In the following sections, we will compare the performance of these three clustering algorithms on a Customer dataset using the Silhouette score. We will also discuss the factors to consider when choosing a clustering algorithm.
Data Set Description:
Customer segmentation is the practice of dividing a customer base into groups of individuals that are similar in specific ways relevant to marketing, such as age, gender, interests and spending habits.
The dataset has 8069 data sample with the attributes as ID, Gender, Ever_Married, Age, Graduated, Profession, Work_exprience, Spending_score, Family_size, Var_1, Segmentation, there are few data’s missing in the dataset which can be used for preprocessing the data.
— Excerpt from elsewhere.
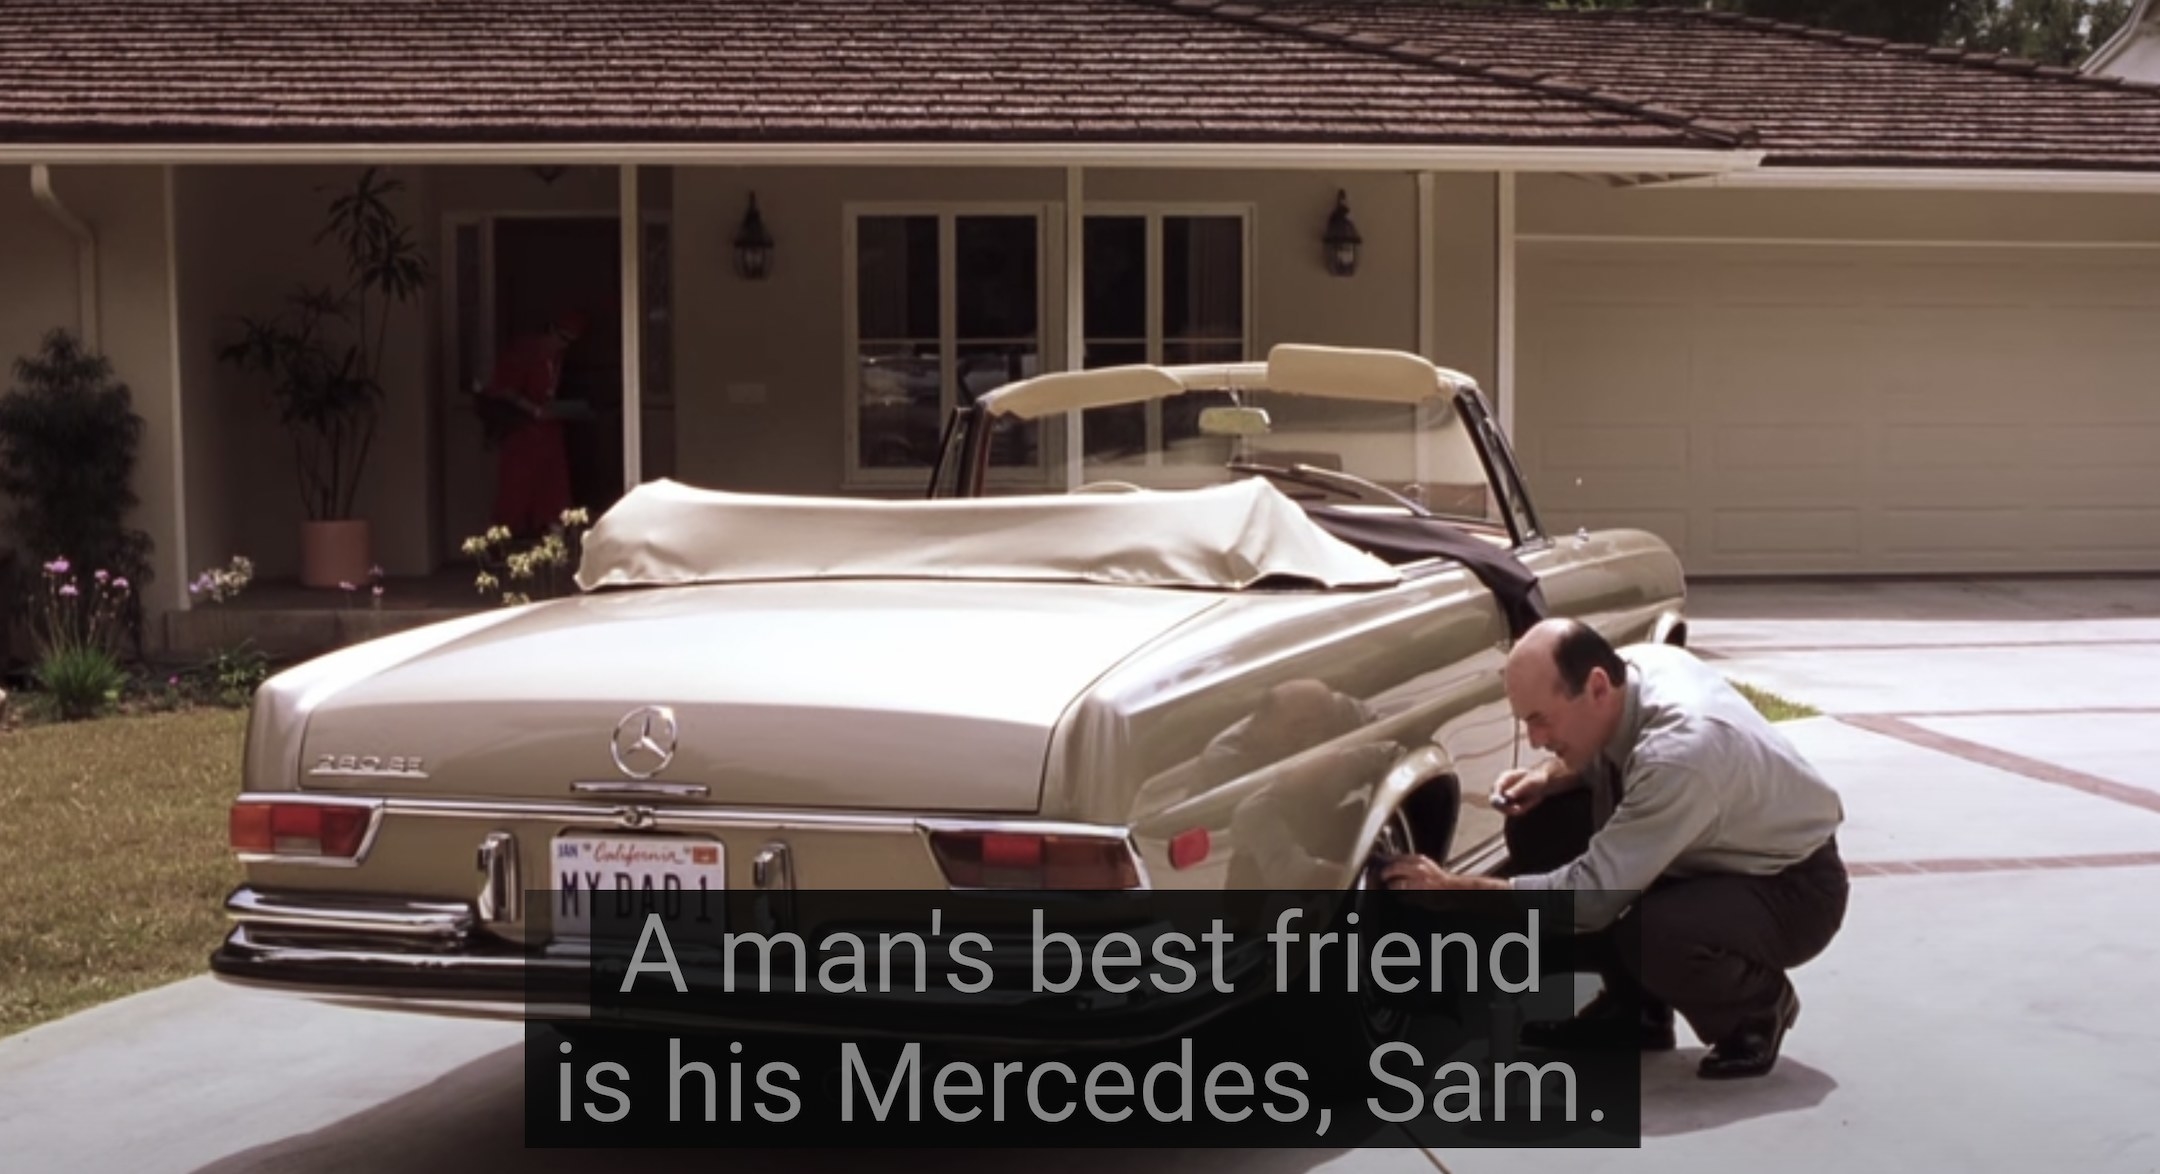 Carters dad cleaning his car and saying, A mans best friend is his Mercedes, Sam
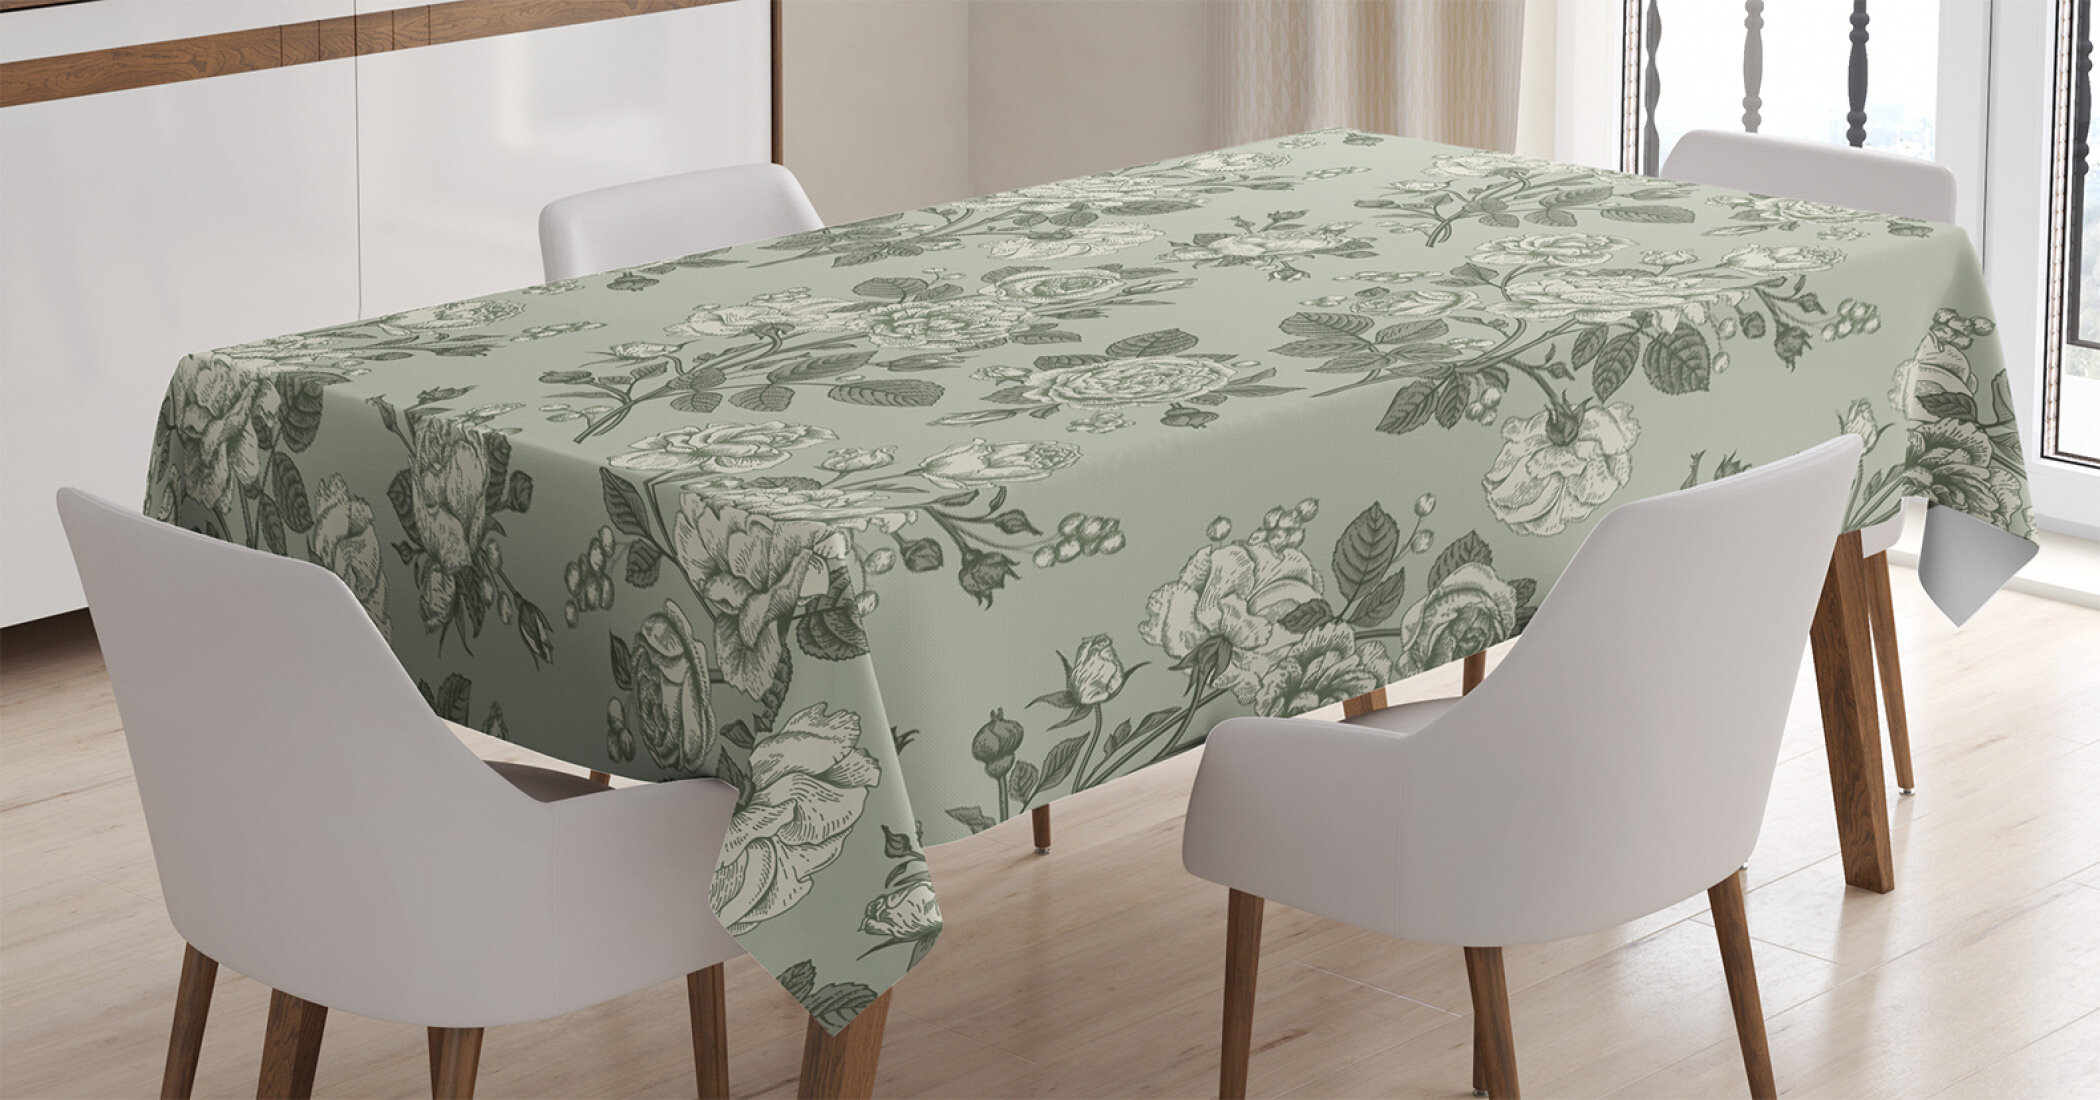 Ambesonne Colorful Nature Tablecloth Table Cover for Dining Room Kitchen

Import all the necessary Libraries:
import pandas as pd
import numpy as np
import matplotlib.pyplot as plt
from sklearn.cluster import KMeans, AgglomerativeClustering
from sklearn_extra.cluster import KMedoids
from sklearn.decomposition import PCA
from sklearn.preprocessing import StandardScaler, LabelEncoder
from sklearn.metrics import silhouette_score
Read the Dataset:
df=pd.read_csv('dataset.csv')
df
Convert the string data into numerical data:
Profession = {
'Healthcare':1,'Engineer':2,'Lawyer':3,'Entertainment':4, 'Artist':5,
'Executive':6, 'Doctor':7, 'Homemaker':8, 'Marketing':8
}
data['Profession'] = data['Profession'].map(Profession)
var = {
'Cat_4':4, 'Cat_6':6, 'Cat_7':7, 'Cat_3':3, 'Cat_1':1, 'Cat_2':2, 'Cat_5':5
}
data['Var_1'] = data['Var_1'].map(var)
Graduate = {
'No':0, 'Yes':1
}
data['Graduated']=data['Graduated'].map(Graduate)
married = {
'No':0, 'Yes':1
}
data['Ever_Married']=data['Ever_Married'].map(married)
gender = {
'Male':0, 'Female':1
}
data['Gender'] = data['Gender'].map(gender)
spending ={
'Low':0, 'Average':1, 'High':2
}
data['Spending_Score']=data['Spending_Score'].map(spending)
segu = {
'D':4, 'A':0, 'B':1, 'C':2
}
data['Segmentation']=data['Segmentation'].map(segu)
data = data.drop('ID',axis=1)
The code first creates a dictionary called Profession that maps each profession to a number. The code then uses the map() method to replace each value in the Profession column with its corresponding number. The code repeats this process for the Var_1, Graduated, Ever_Married, Gender, Spending_Score, and Segmentation columns. Finally, the code drops the ID column from the Data Frame.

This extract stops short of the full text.